• GIVEN INFORMATION:

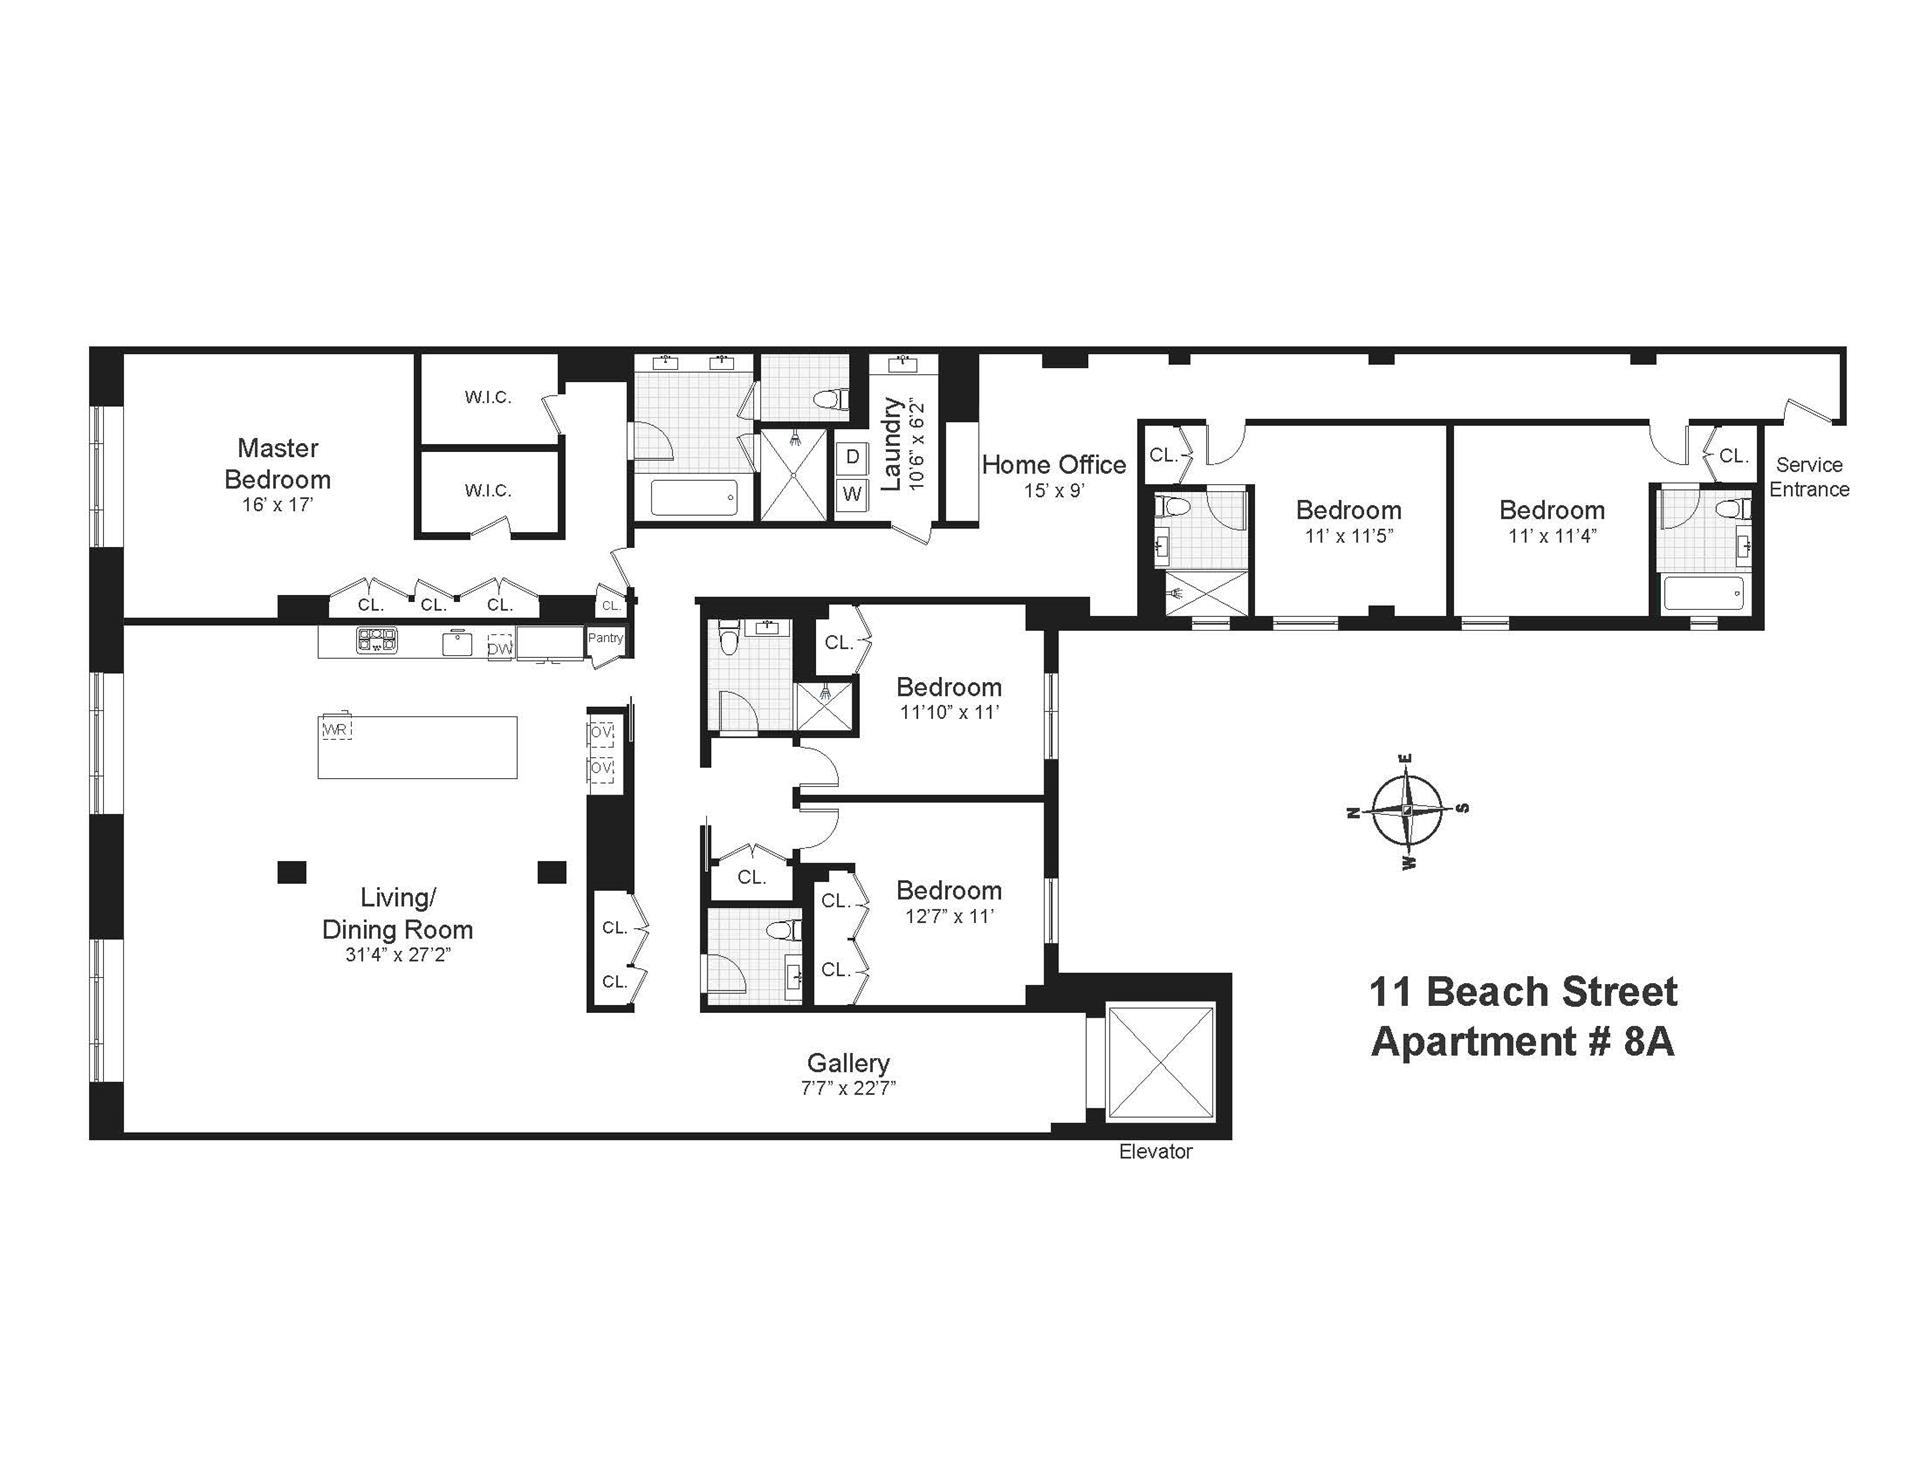 Floor plan of 11 Beach St, 8A - TriBeCa, New York
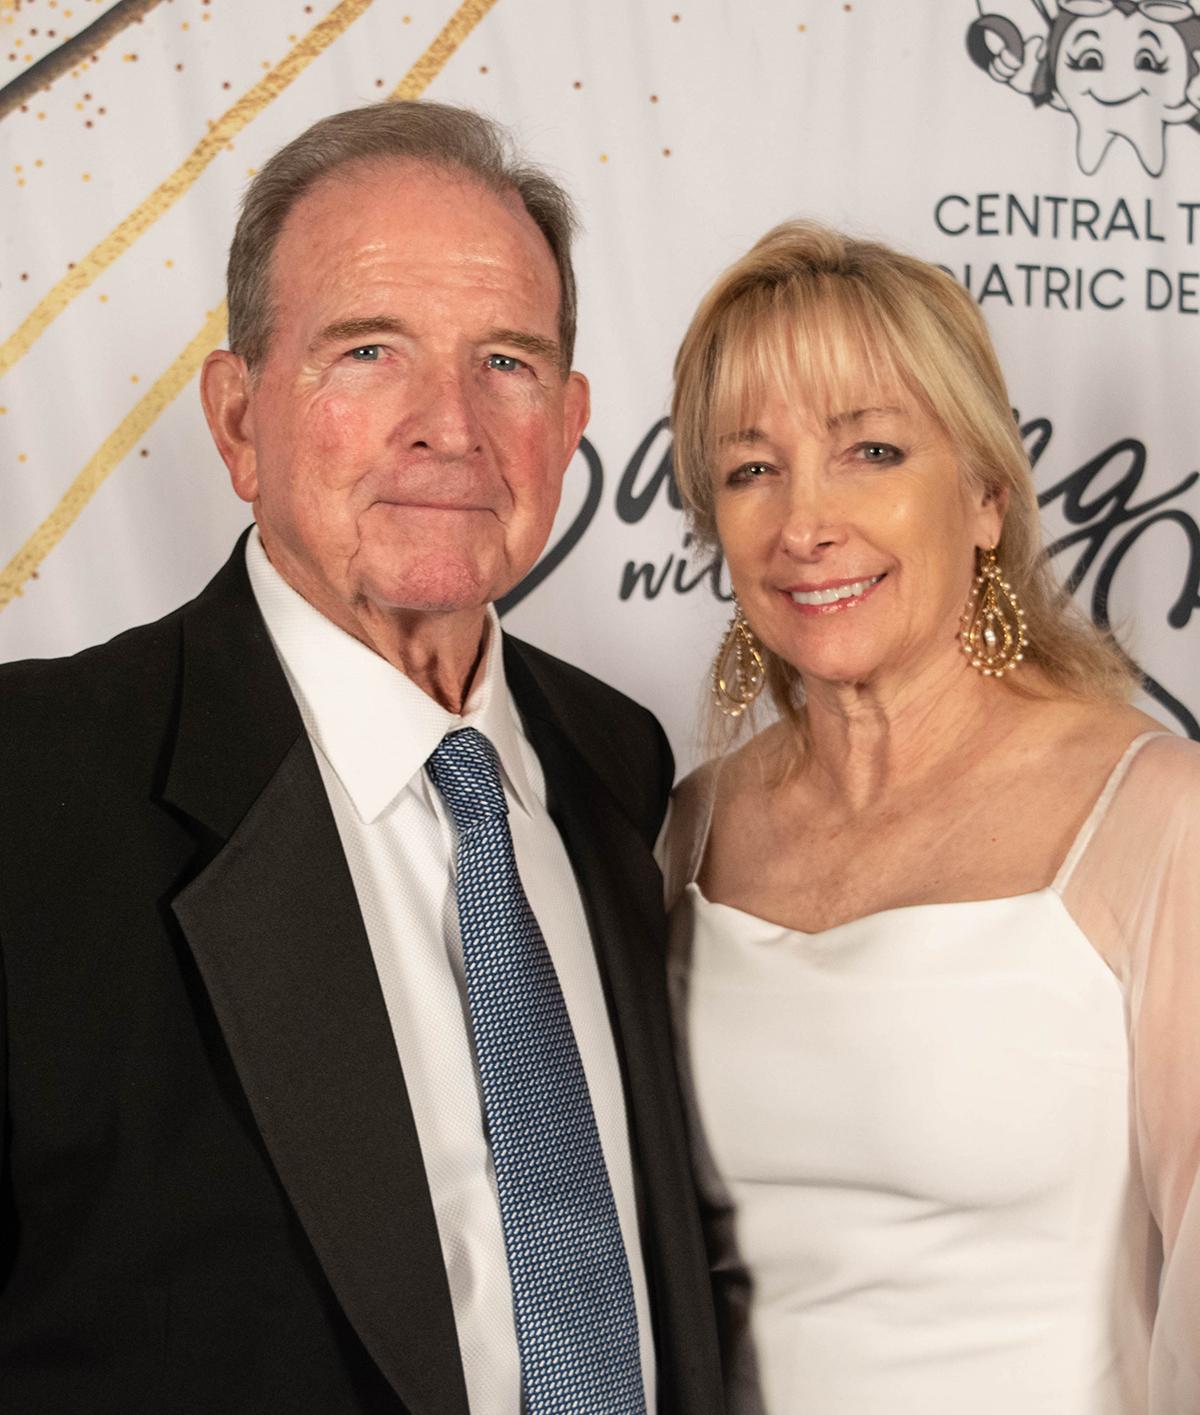 Bill and Katrine Formby
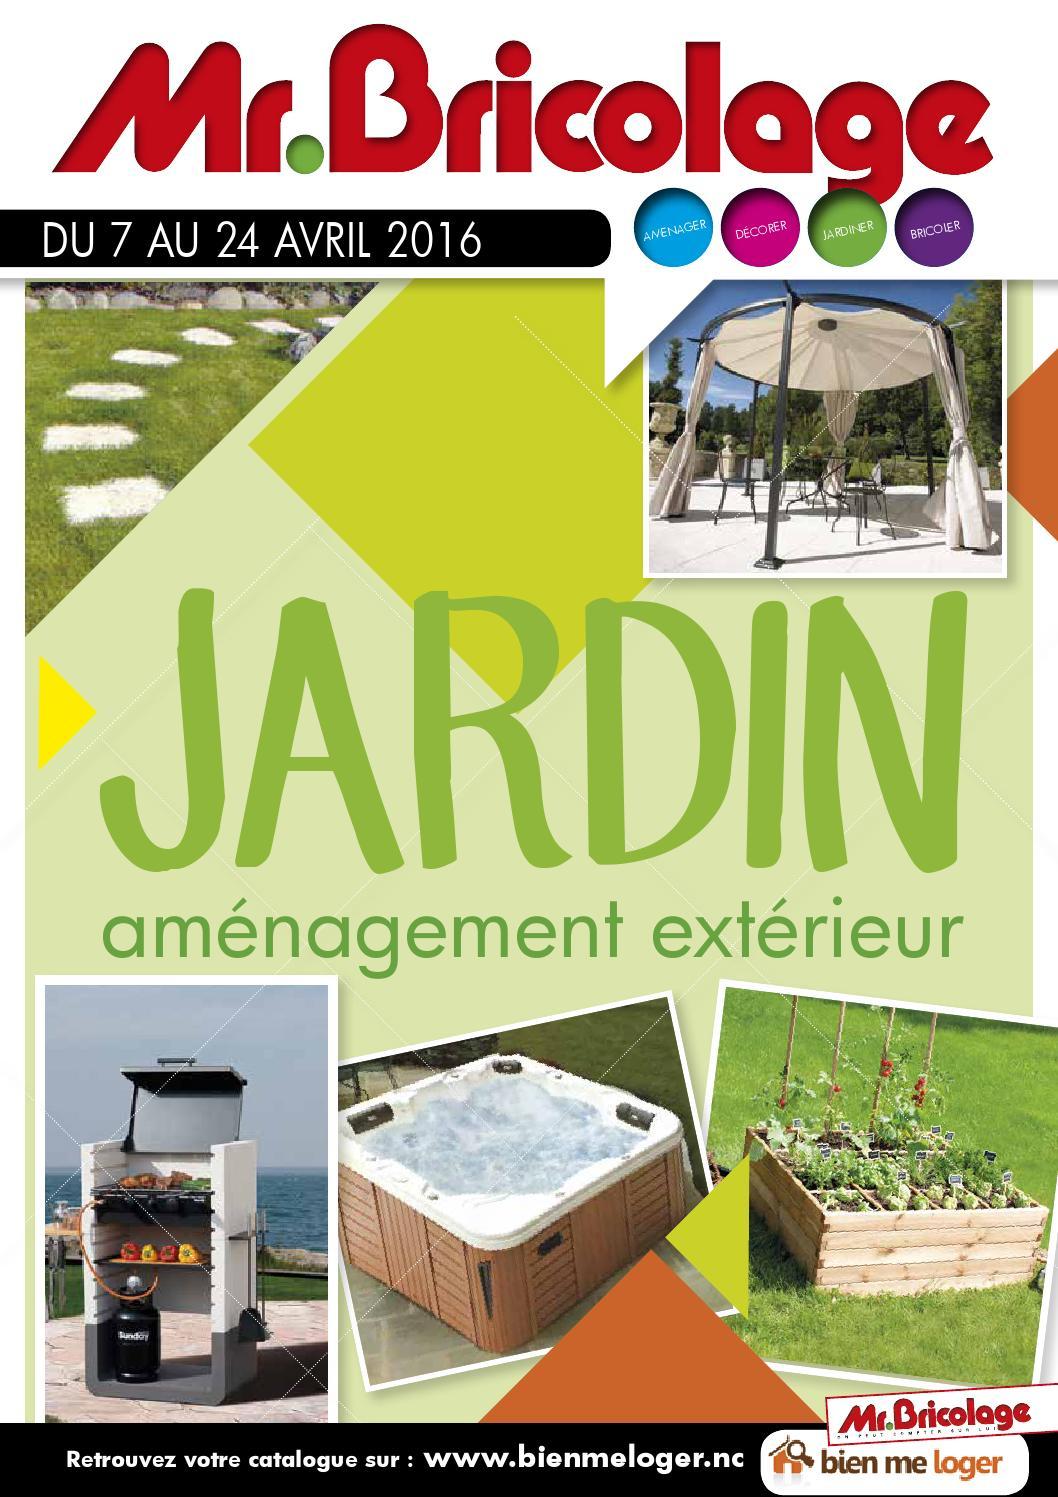 Catalogue Mr Bricolage: Jardin By Skazy - Issuu à Abri Jardin Mr Bricolage
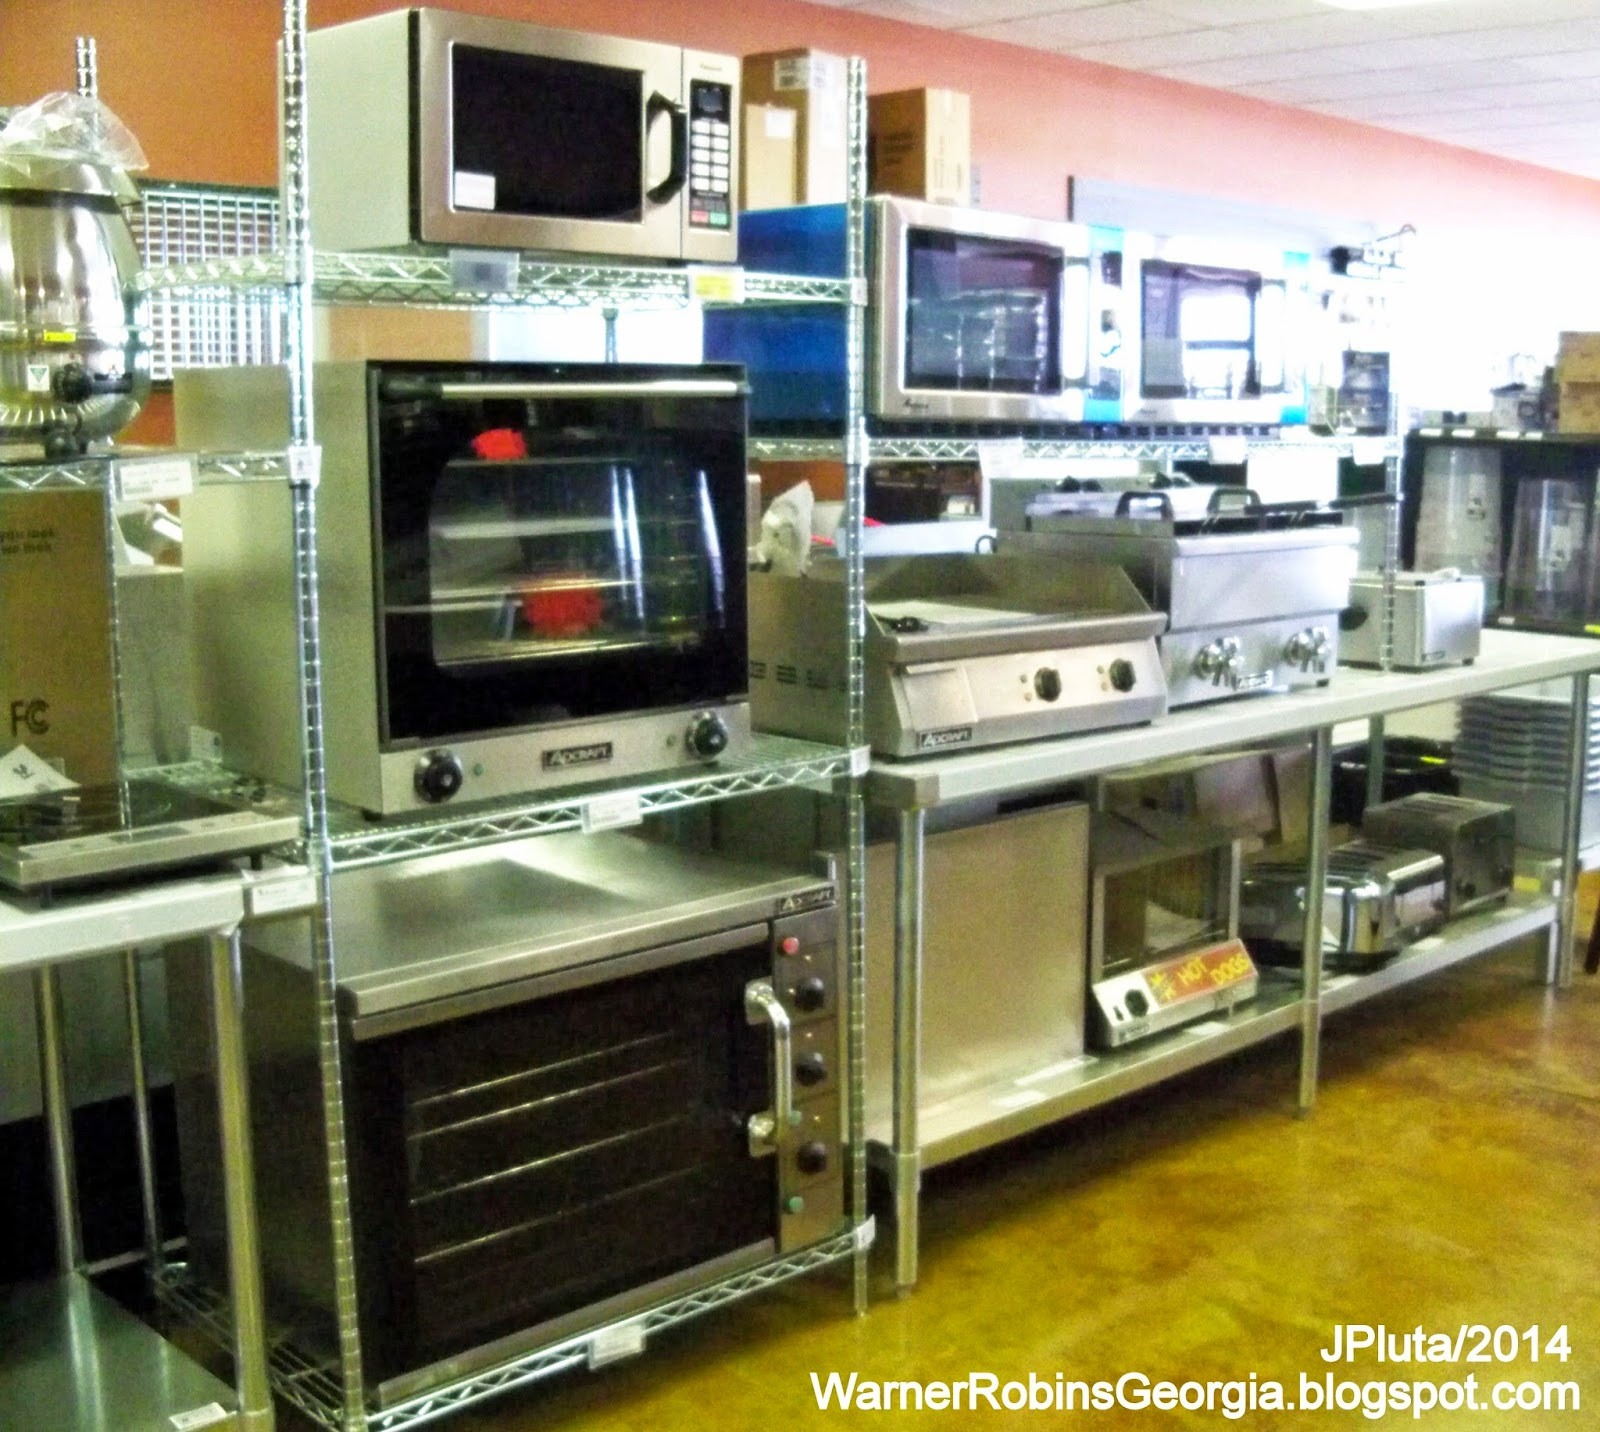 Kitchens Store: WARNER ROBINS GEORGIA Air Force Base Houston Restaurant

• WORK REQUIRED:
Print exactly, and only, the lines from the one with "Bill and Katrine Formby" through the last line of the listing above. No pictures belong in the copy.

• OUTPUT FOR THIS EXERCISE:
 Bill and Katrine Formby
 Catalogue Mr Bricolage: Jardin By Skazy - Issuu à Abri Jardin Mr Bricolage
 Kitchens Store: WARNER ROBINS GEORGIA Air Force Base Houston Restaurant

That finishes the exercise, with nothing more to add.